Step 2: Map Your Topic Taxonomy
Topics are knowledge domains — the subject areas your business can genuinely demonstrate expertise, experience, and authority in.
Think of them as the index at the back of a book — the specific knowledge areas that appear across different pages, chapters, and sections. Topics are the areas of knowledge your business can credibly write about.”
They are stable. They don’t change when your content plan changes. The Definitions are static no matter who is talking about them. They are high-level enough to contain multiple articles, but specific enough to represent a real knowledge domain.
A useful test: Would this topic have its own Wikipedia article?

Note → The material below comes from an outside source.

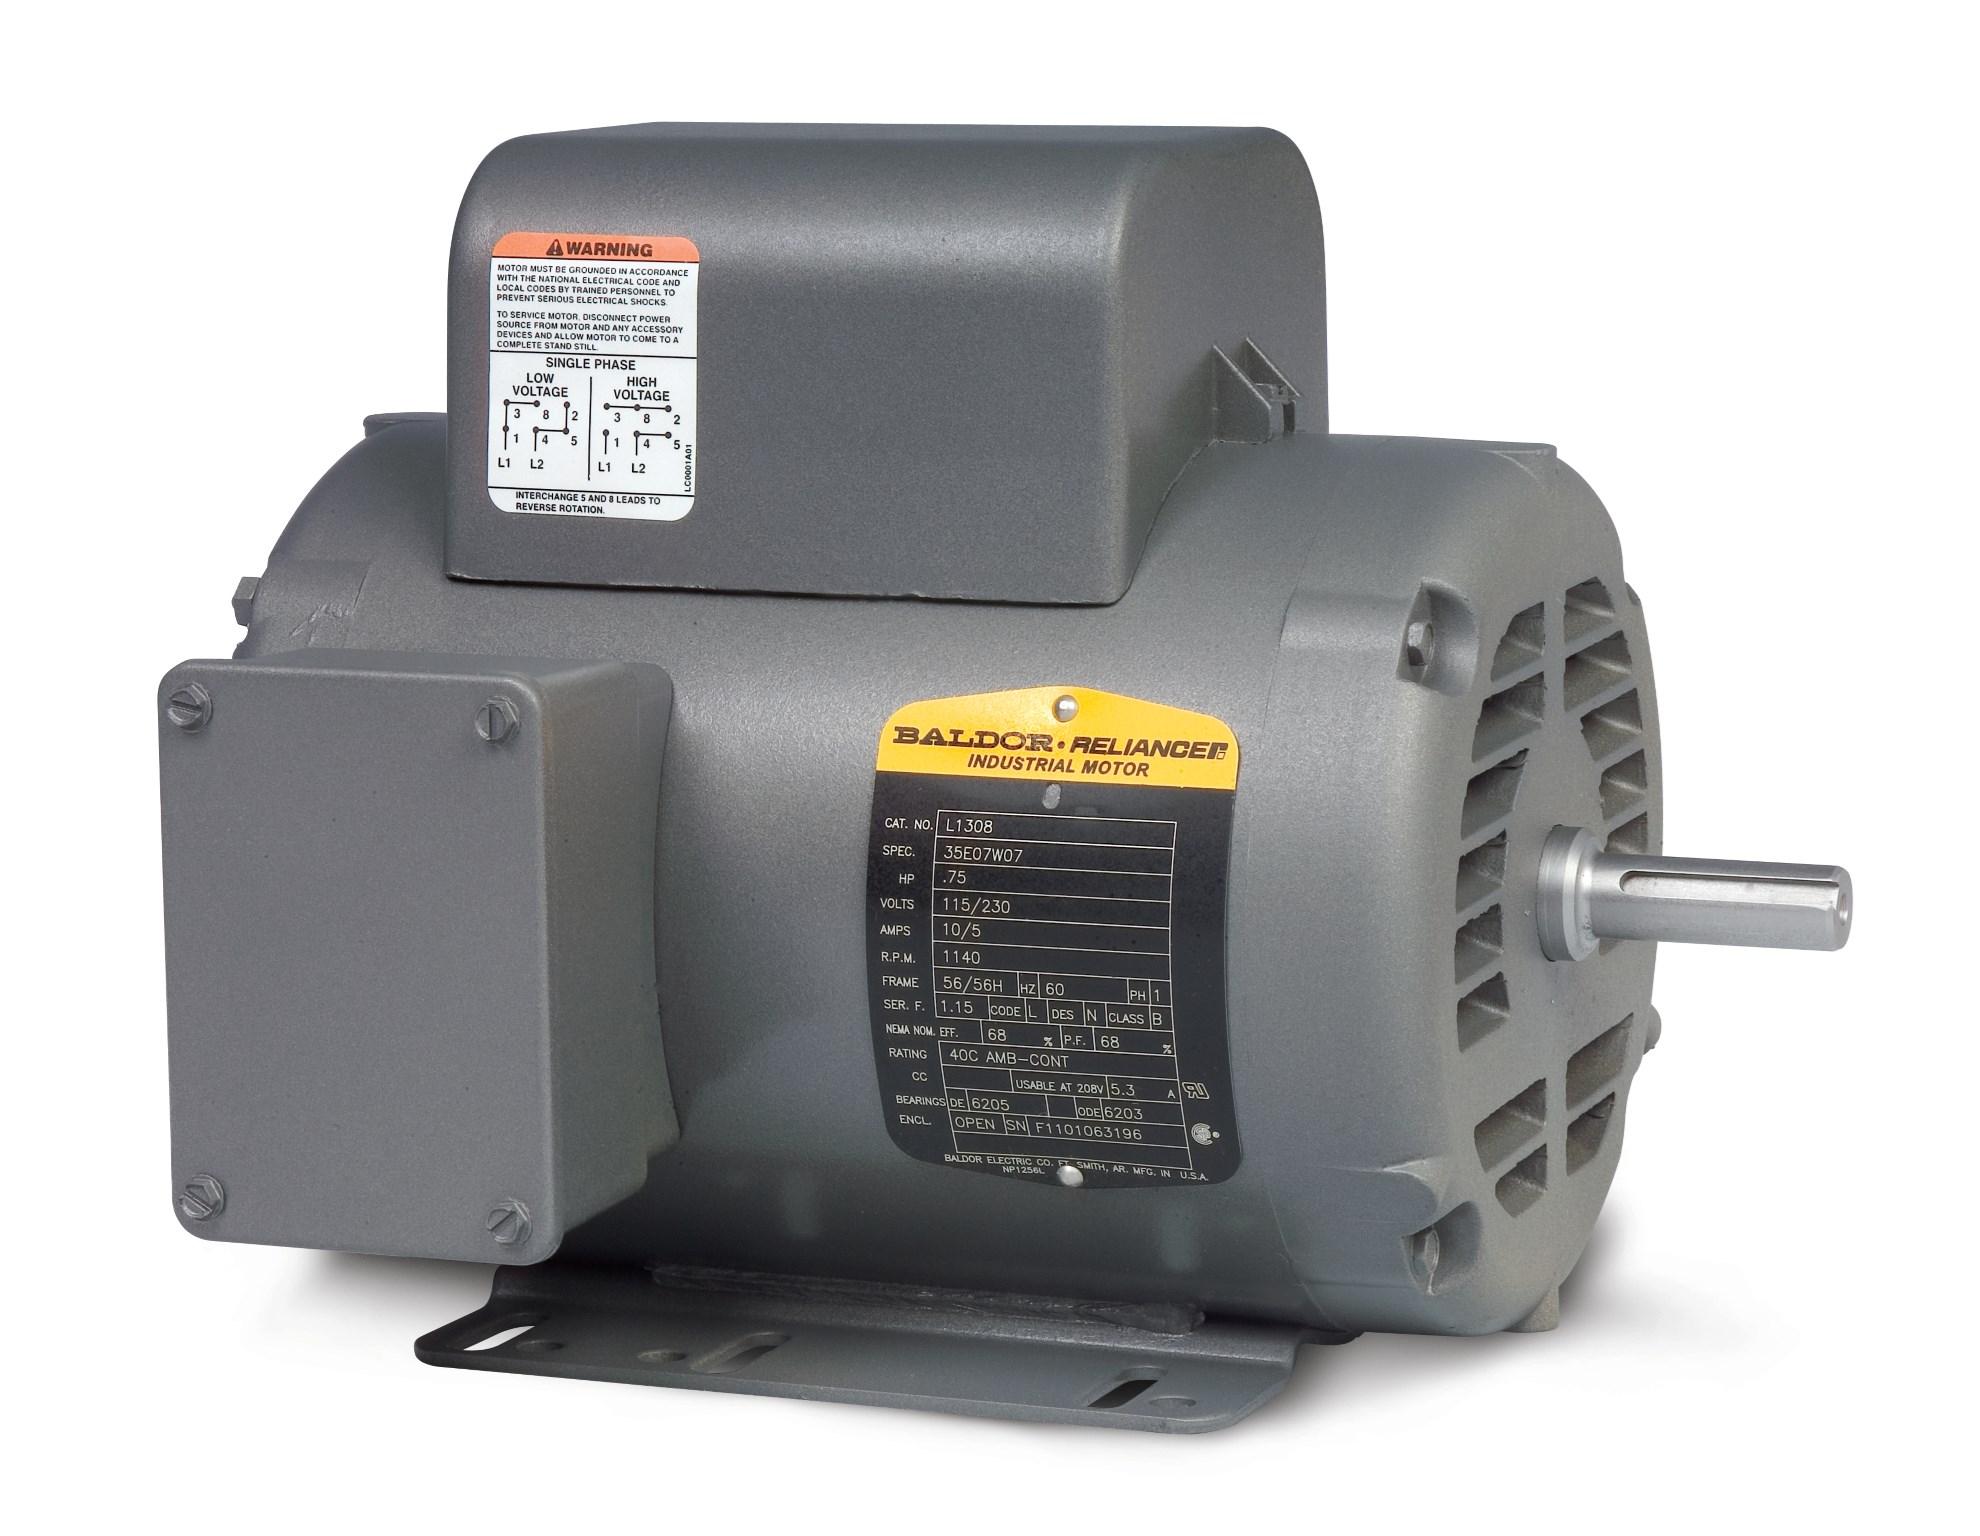 250?bcdwhite6asd16hd2566wd256 baldor 10 hp electric motor wiring diagram efcaviation com baldor l1430t wiring diagram at panicattacktreatment.co

This is not a coincidence — the Wikipedia match test is a reliable signal that a topic is at the right level of abstraction. Too broad (“Marketing”) fails because it’s not specific enough to your field. Too narrow (“How to write a subject line for a cold email to a plumber”) fails because it’s a tactic, not a knowledge domain.
Target: At least 18 out of 20 topics should map to an exact Wikipedia article. This matters because SCOS uses the Wikipedia URL as the sameAs value in schema markup — connecting your content to a globally recognised knowledge entity, (Entity Mapping) which strengthens semantic authority signals.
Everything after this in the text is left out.